ARTEMIDA ( nazwa pochodzi od helleńskiej bogini łowów, która pomaga przy porodzie) została zidentyfikowana jako gen odpowiedzialny za wysoką wrażliwość na promieniowanie połączoną z upośledzeniem odporności (RS-SCID) lub Athabasca (nazwa jeziora) SCID. Nauki in vitro i in vivo ujawniły, że Artemida jest nukleazą wymaganą do rozwinięcia kodujących końców struktury spinki podczas V(D)J rekombinacji. Jak podano powyżej, komórki ubogie w Artemidę wykazują zwiększoną wrażliwość na IR^{(promieniowanie jonizujące)} , sugerując, że Artemida jest również wymagana dla naprawy DSB drogą NHEJ. Co ciekawe, ostatnie prace sugerują, że Artemida może być zaangażowana w regulację punktów kontrolych w cyklu komórkowym jako czynnik downstream (downstream factor) w mutacji ataksji teleangiektazji i/lub ATM- i Rad3- skojarzoną kinazę (ATR). Dlatego możliwe jest, że Artemida jest wielofunkcjonalnym białkiem w utrzymaniu integralności genomu i ważnym białkiem dla zrozumienia mechanizmu naprawy DSB. W tym artykule streścimy ostatni postęp w odkryci biologicznych funkcji Artemidy w naprawie DSB i odpowiedzi na uszkodzenia DNA.

BIOCHEMICZNE I STRUKTURALNE WŁAŚCIWOŚCI ARTEMIDY

Artemida posiada ssDNA-specyficzną 5' do 3' aktywność egzonukleazy i nabywa aktywność endonukleazy kiedy łączy się i fosforyzuje z DNA-PKcs. Kompleks Artemida/DNA-PKcs specyficznie rozdziela granicę ssDNA i ds.DNA i strukturę spinki DNA, generując tępy lub wystający koniec 3' DNA (rys.1). Pomimo, że trójwymiarowa struktura nie została jeszcze określona, dwie domeny w N-terminalnym końcu Artemidy ukazują, że są ważne dla aktywności enzymatycznej. Jedna z domen jest nazywana metalo-β-laktamazą, aminokwasy 1-155 ludzkiej Artemidy, która powszechnie obserwowana w członkach nadrodziny metlo-β-laktamaz (rys.2) Inna domena, aminokwasy 156-385 ludzkiej Artemidy, jest nazywana domeną β-CASP (metallo-β-lactamases-associated CPSF ARTEMIS SNM1 PSO2).

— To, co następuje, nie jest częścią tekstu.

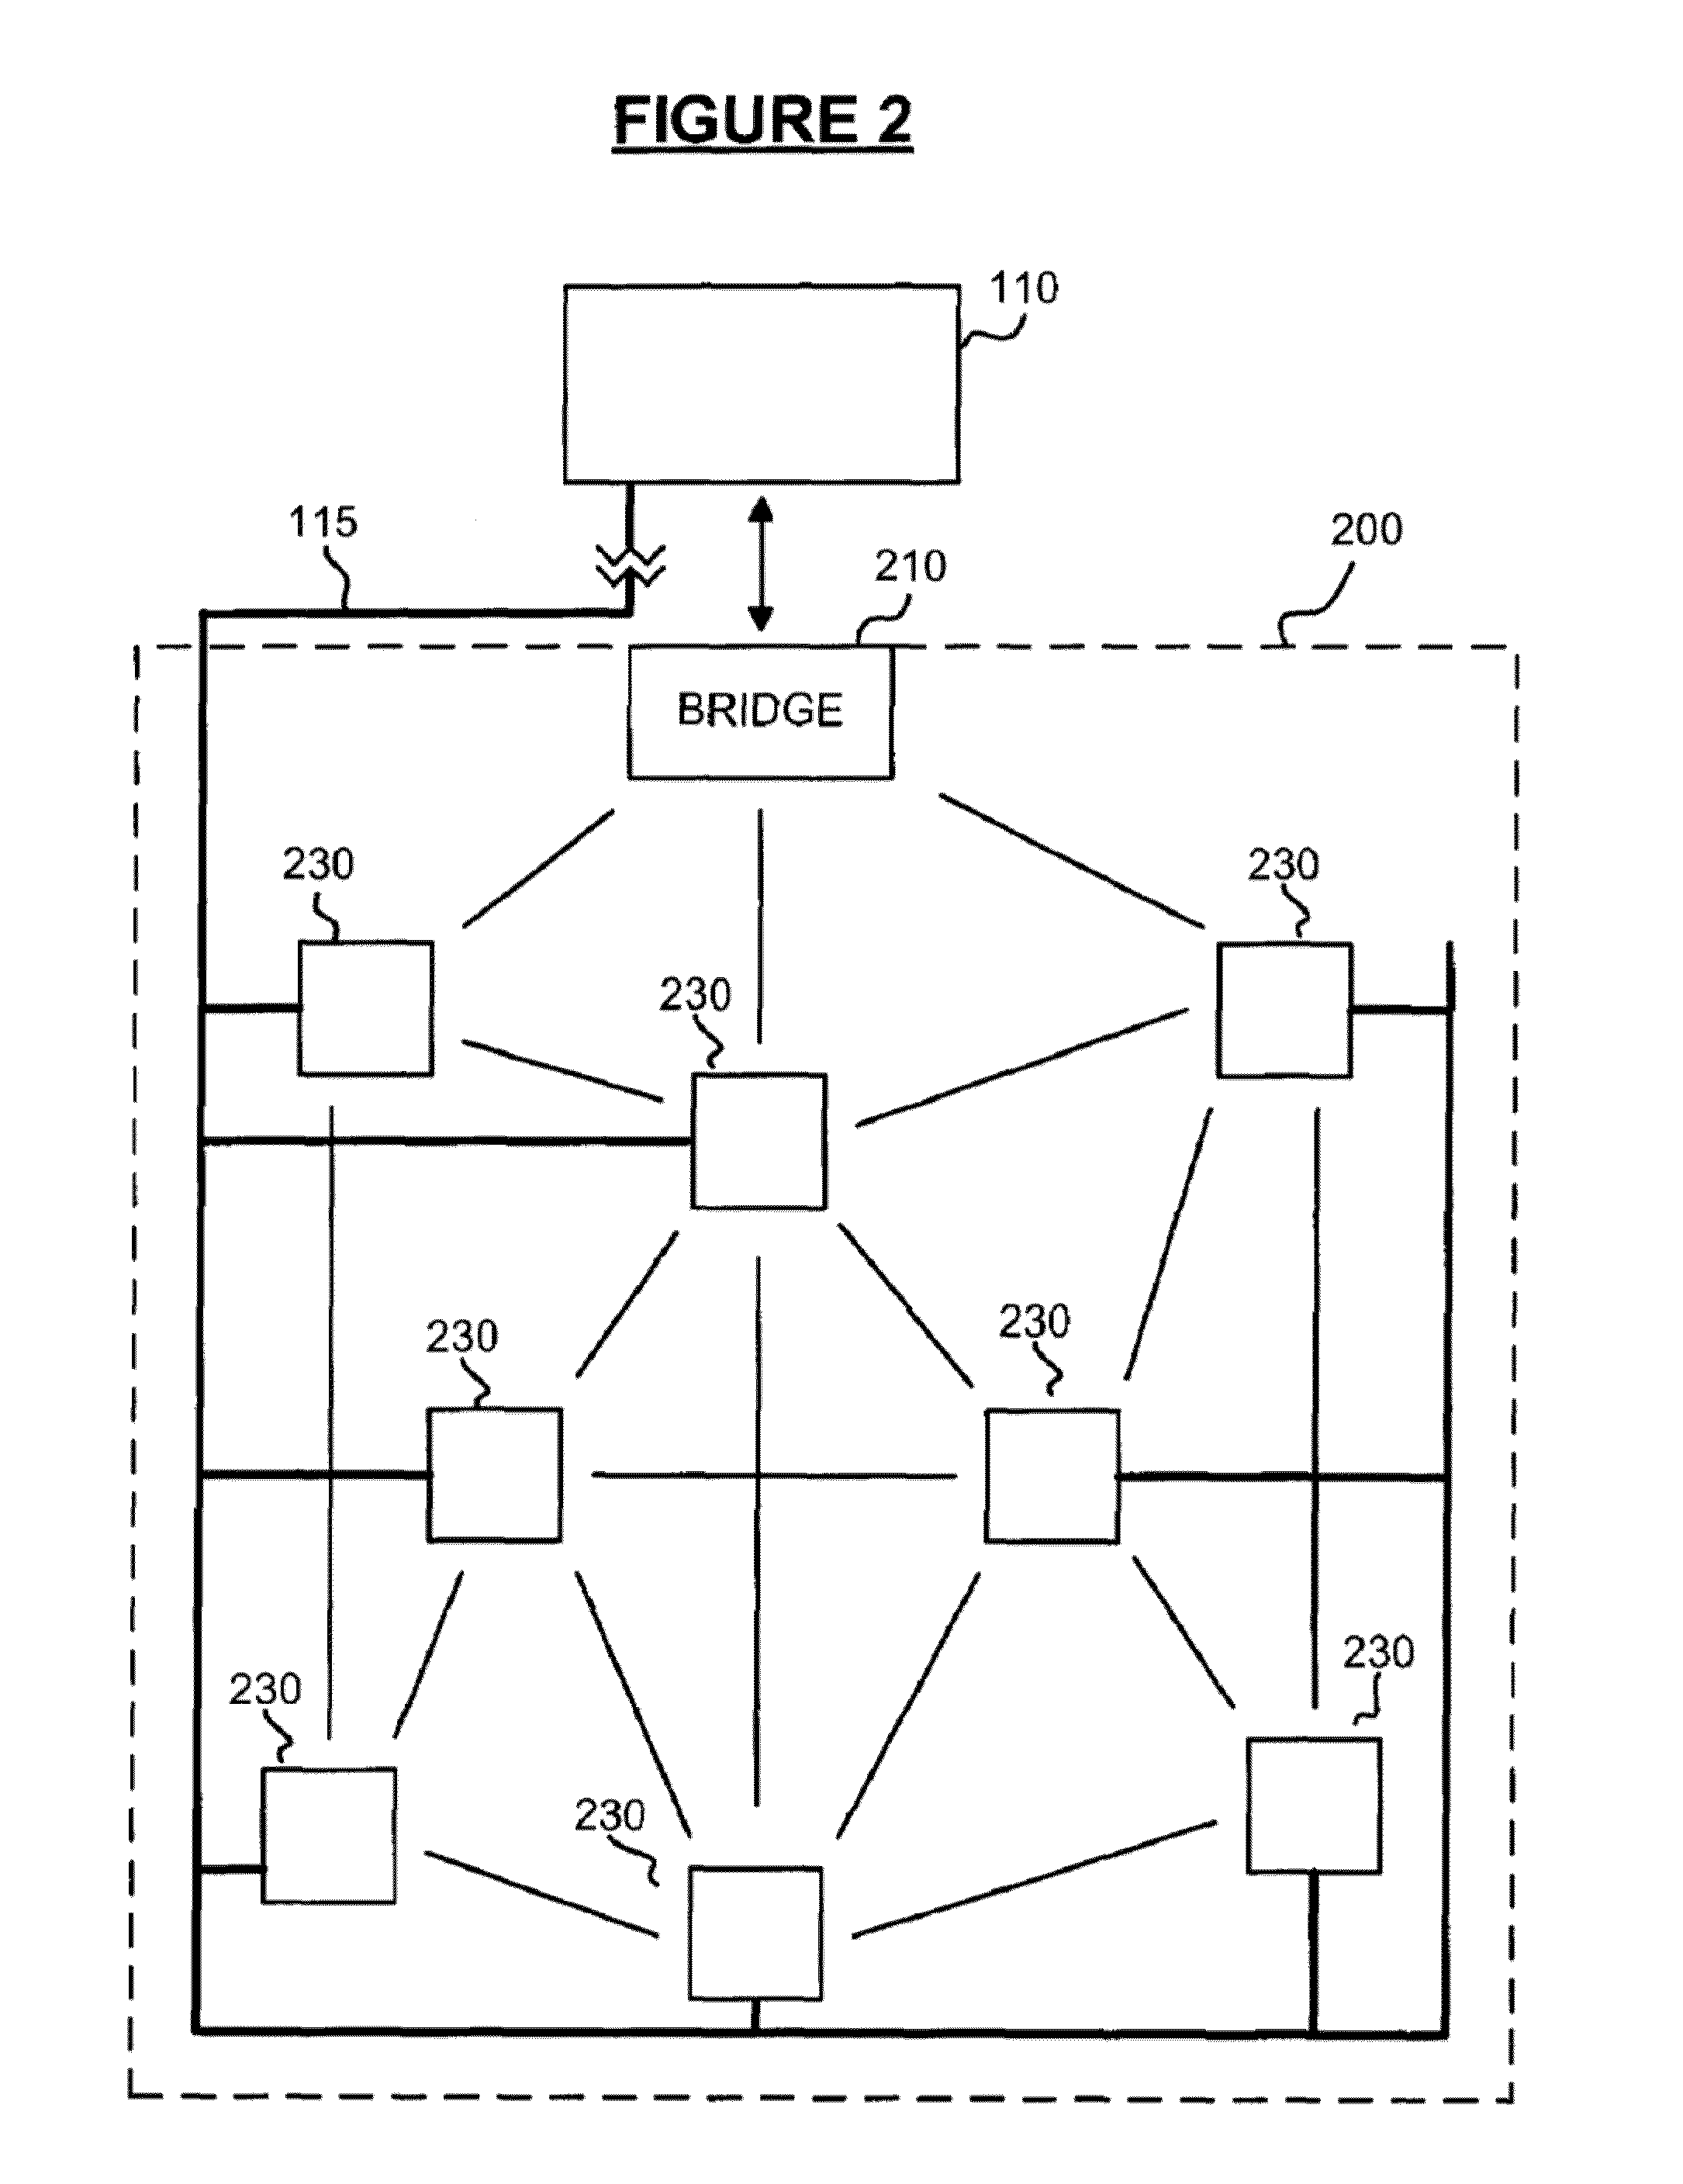 Systems and methods for generating power through the flow of water

Domena ta jest wysoce konserwatywna w innych metlo-β-laktamazach, zwłaszcza w działaniu na kwasach nukleinowych (rys.2). Ostatnio de Villartay i inni ogłosili, że histydyna wewnątrz domeny β-CASP (His254) ma decydujące znaczenie dla całkowitej aktywacji Artemidy (rys.2). Pomimo, że dokładna rola His 254 jest obecnie niejasna, zasugerowano, że jest ona zaangażowana w łącznie cynku. Pannice i in. ogłosili, że kwas asparaginowy 37 i histydyna 33, 35, 38, 115 i 319 bezpośrednio koordynują dwa miejsca dla wiązania metalu ( w szczególności Mg²⁺ (rys.2) Podczas gdy N-terminalny koniec Artemidy jest ważny dla roli enzymatycznej, C-terminalny koniec Artemidy staje się regionem zaangażowanym w interakcję z DNA-PKcs. Rzeczywiście, Artemida jest fosforylowana przez DNA-PKcs tylko na C-terminalnej domenie. Ponieważ domena C-terminalna jest zbędna dla aktywności rozplatania struktury spinki w V(D)J rekombinacji in vivo, fosforylacja C-końca może spowodować zmiany konformacji, w rezultacie uruchamiając aktywną formę Artemidy. Z drugiej strony Goodarzi i in. ogłosili, że autofosforylowany DNA-PKcs rekrutuje Artemidę do miejsc DSBs. Jako autofosforylację DNA-PKcs traktuje się jako przyczynę zmian konformacyjnych w DNA-PKcs, zmiany konformacyje w DNA-PKcs, a nie w samej Artemidzie mogą być ważne dla aktywności Artemidy.

rys.1

Podsumowując, białko Artemida jest podzielone na dwie funkcjonalne domeny, katalityczną domenę N-końcową i C-końcową domenę regulatorową i regulacja aktywności endonukleazowej Artemidy może przyczynić się do zapobiegania niepotrzebnym uszkodzeniom DNA(rys.3).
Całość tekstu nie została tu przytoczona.